Blast-Based Search for Candidate Insulator Proteins

With the known Drosophila insulator proteins as query (dCTCF, GI:21356747; Su(Hw), GI:33860216; CP190, GI:23171337; GAF, GI:83287912; Mod(mdg4), GI:158030328; Zw5, GI:45549097; BEAF, GI:17647187), standard BLASTX, BLASTP, or TBLASTN (Altschul et al. 1997) searches were conducted in publicly available sequence databases at NCBI (http://blast.ncbi.nlm.nih.gov/). To minimize the chance of missing an ortholog, we performed parallel searches in different databases (nucleotide, EST, and protein) and subdivided a search into smaller entities if a given taxonomic range reported > 500 hits below threshold (= download restriction at the NCBI BLAST web interface). We collected all ZF domain candidates below a relaxed BLAST expectation value of 10−05. We set the threshold for BTB domain protein candidates to 10−14 because in preliminary experiments this value effectively incorporated BTB domain proteins distinct from BTB domain containing insulators, for example, tramtrack or broad complex. Collected nucleotide sequences were translated to the appropriate reading frame using EMBOSS (Rice et al. 2000).

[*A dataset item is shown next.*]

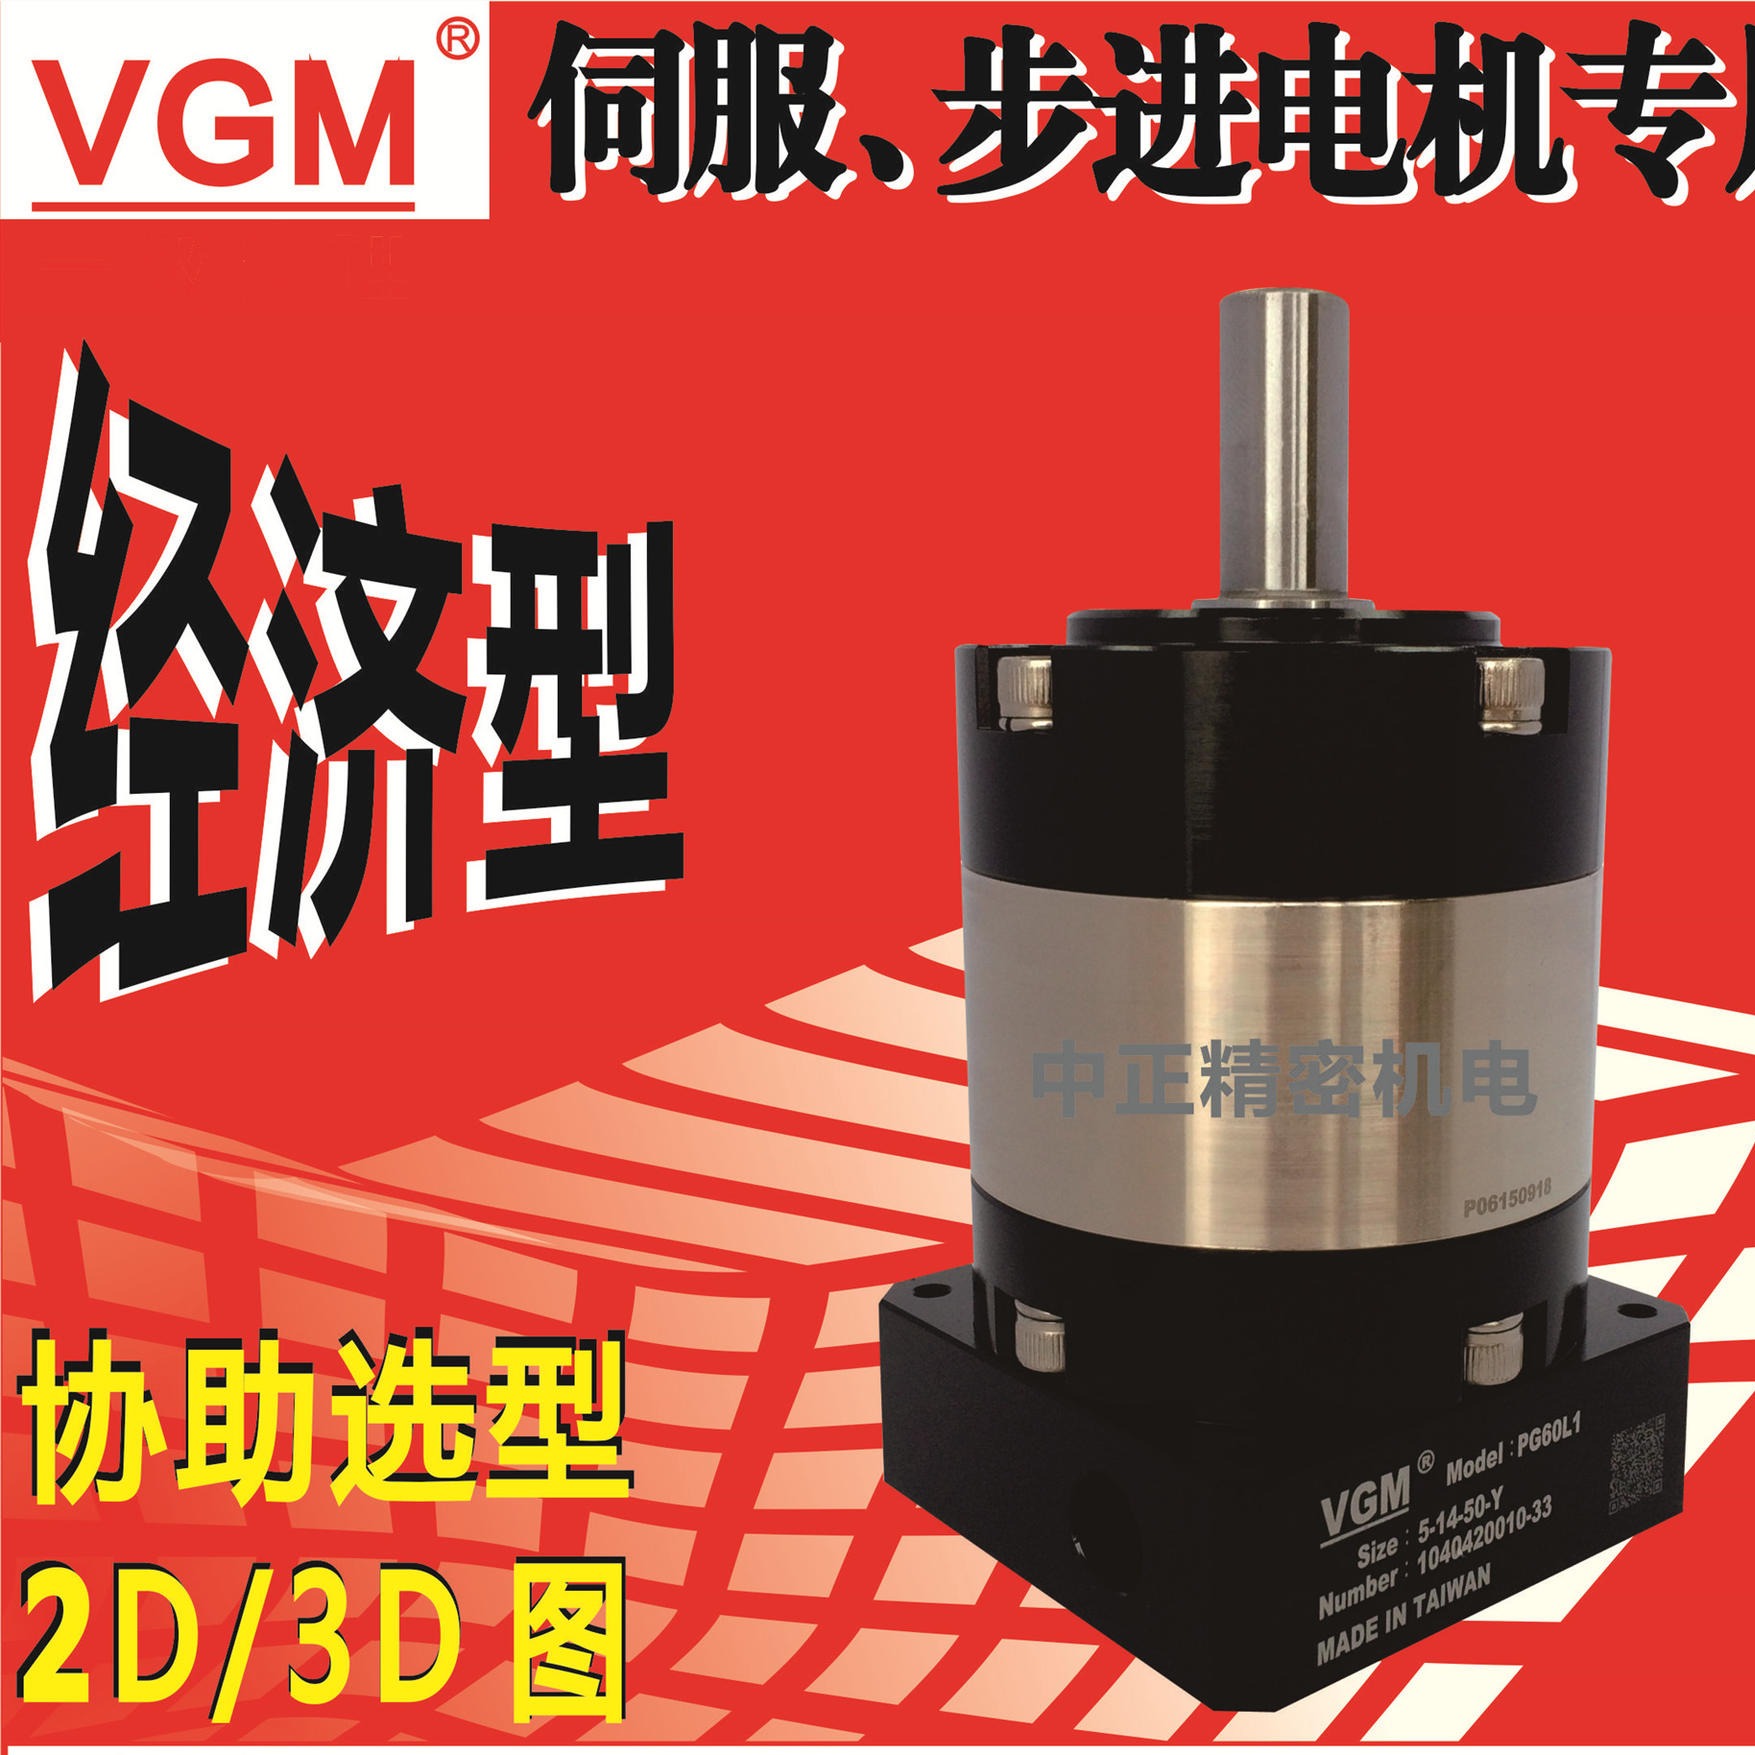 三菱750W伺服电机HG-KN73J-S100配套台湾VGM减速机PG90L1-5-19-70高精度行星减速器
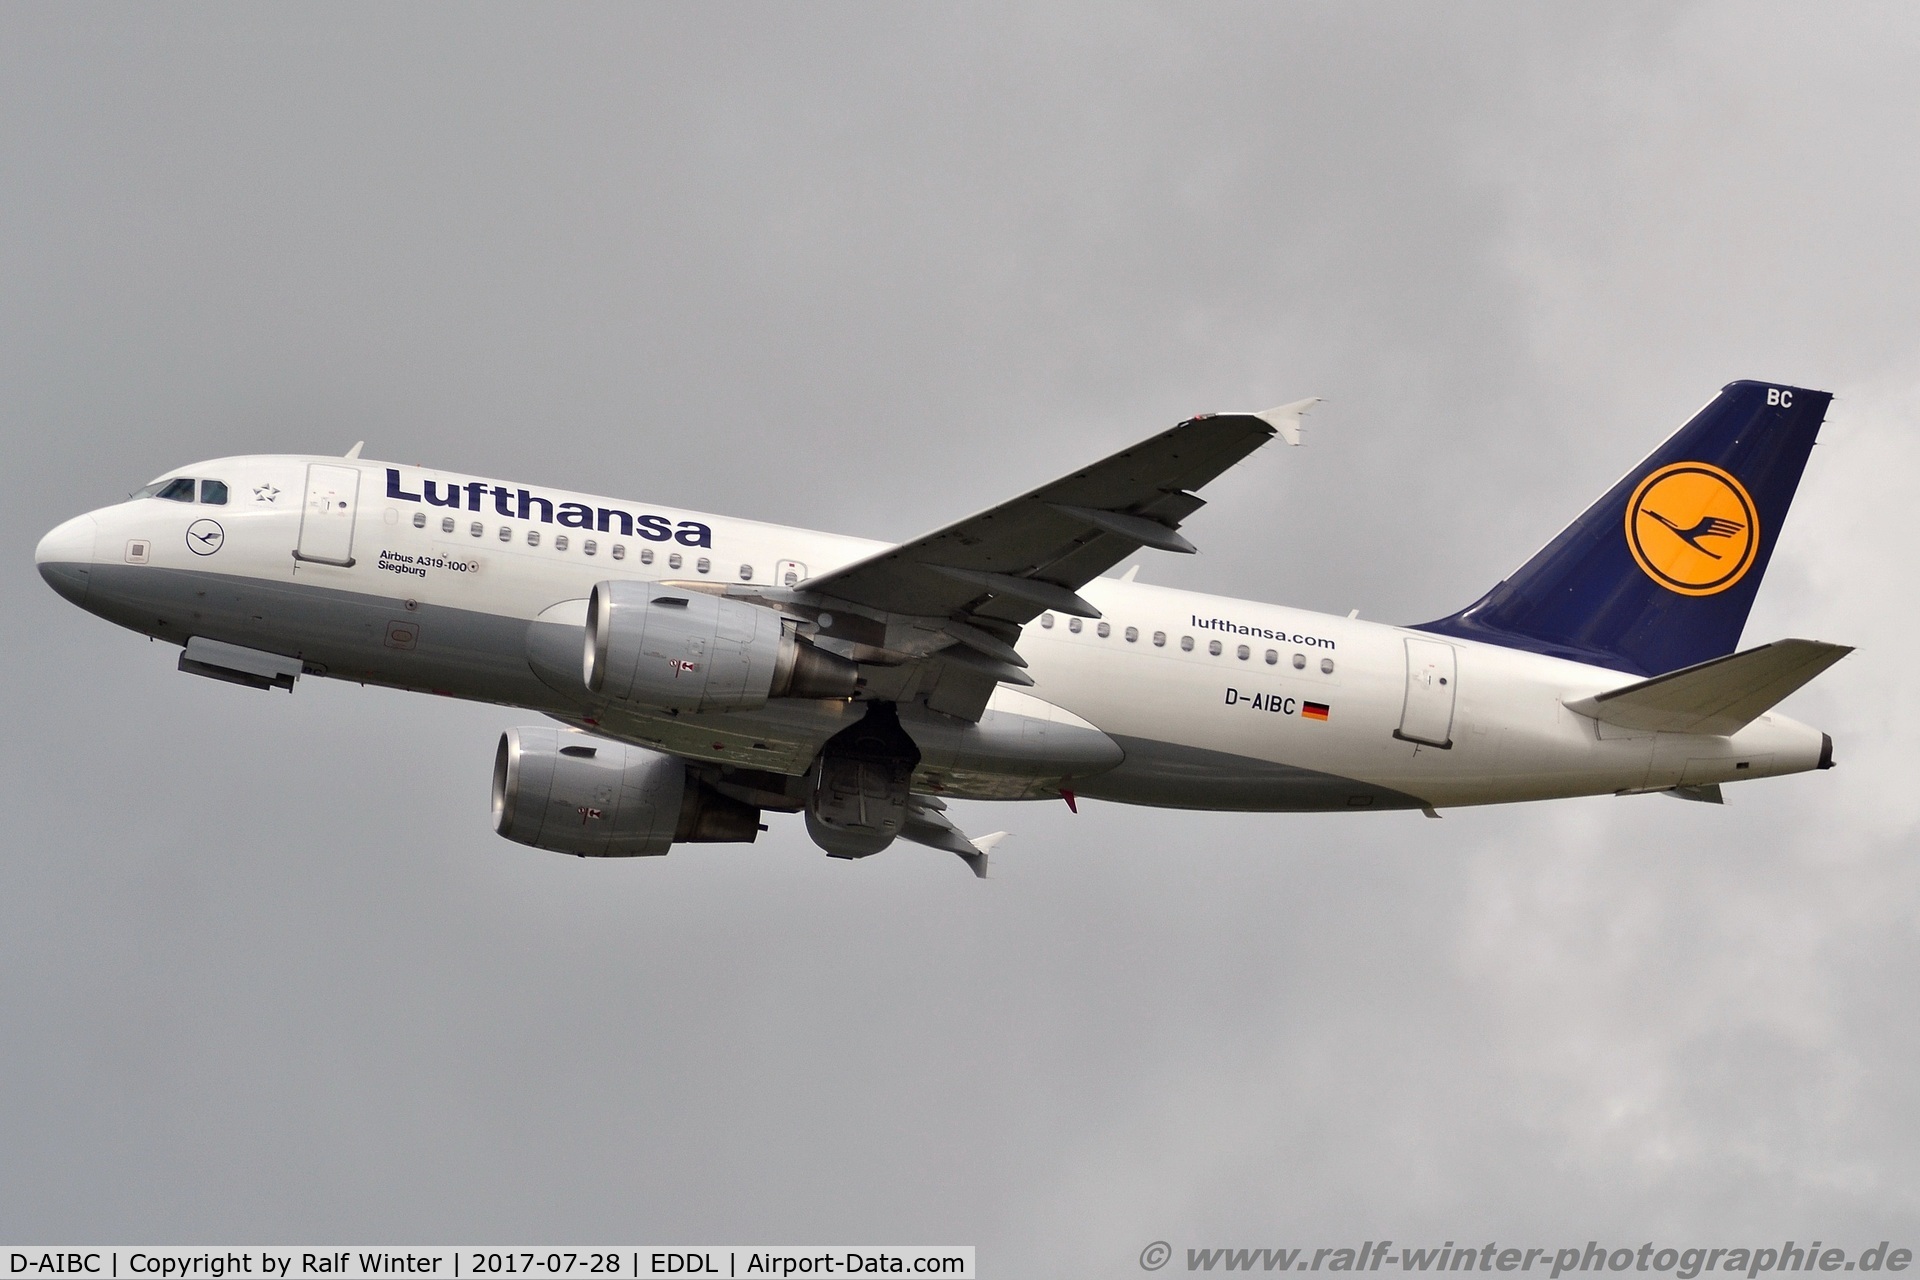 D-AIBC, 2010 Airbus A319-112 C/N 4332, Airbus A319-112 - LH DLH Lufthansa 'Siegburg' - 4332 - D-AIBC - 28.07.2017 - DUS

Clustering and Multiple Sequence Alignment

We obtained from the initial dataset a collection of unique sequences using the EMBOSS tool “skipredundant” (Rice et al. 2000). We added to this collection a set of reference sequences for each insulator protein. The references served as guide for the clustering step. All other candidates from the initial dataset were passed to the SiLiX clustering algorithm (Miele et al. 2011) as “partial” sequences (command line parameter “-p”). We ran SiLiX with default parameters (35% min. identity; 80% min. overlap; 100 nt min. length; 50% min. overlap of partial sequences). For subsequent analysis, we took all reference sequences plus candidates that clustered to one of the references. Multiple sequence alignments were performed using the Clustal Ω algorithm (Sievers et al. 2011). Alignments were viewed and manually edited using SeaView (Galtier et al. 1996).

Phylogenetic Analysis

For the Zw5, Su(Hw), and CTCF proteins, the described Drosophila orthologs served as positive control for cluster identification. Similarly, we included the known Drosophila orthologs of the BTB-domain proteins GAGA factor, CP190, and Mod(mdg4) to specify these clusters. Outgroup for the analysis of ZF insulators was the widely distributed ZF transcription factor YY1. For BTB domain insulators, we used as outgroup a set of lola-like orthologs from diverse arthropods. Phylogenetic trees resulting from the alignments were computed under the maximum likelihood criterion using parallel RAxML version 7.2.6 (Stamatakis 2006) with 100 bootstrap resamplings. As optimal models of sequence evolution we used the WAG+Γ or DCmut+Γ+F model (ZF domain proteins), the JTT+Γ+F model (BTB domain proteins), and the WAG+Γ+F model (vertebrate GAFs) as selected by ProtTest3 (Darriba et al. 2011). Likelihood trees were visualized and arranged with FigTree (http://tree.bio.ed.ac.uk/software/figtree/) and then graphically edited with Adobe Illustrator software.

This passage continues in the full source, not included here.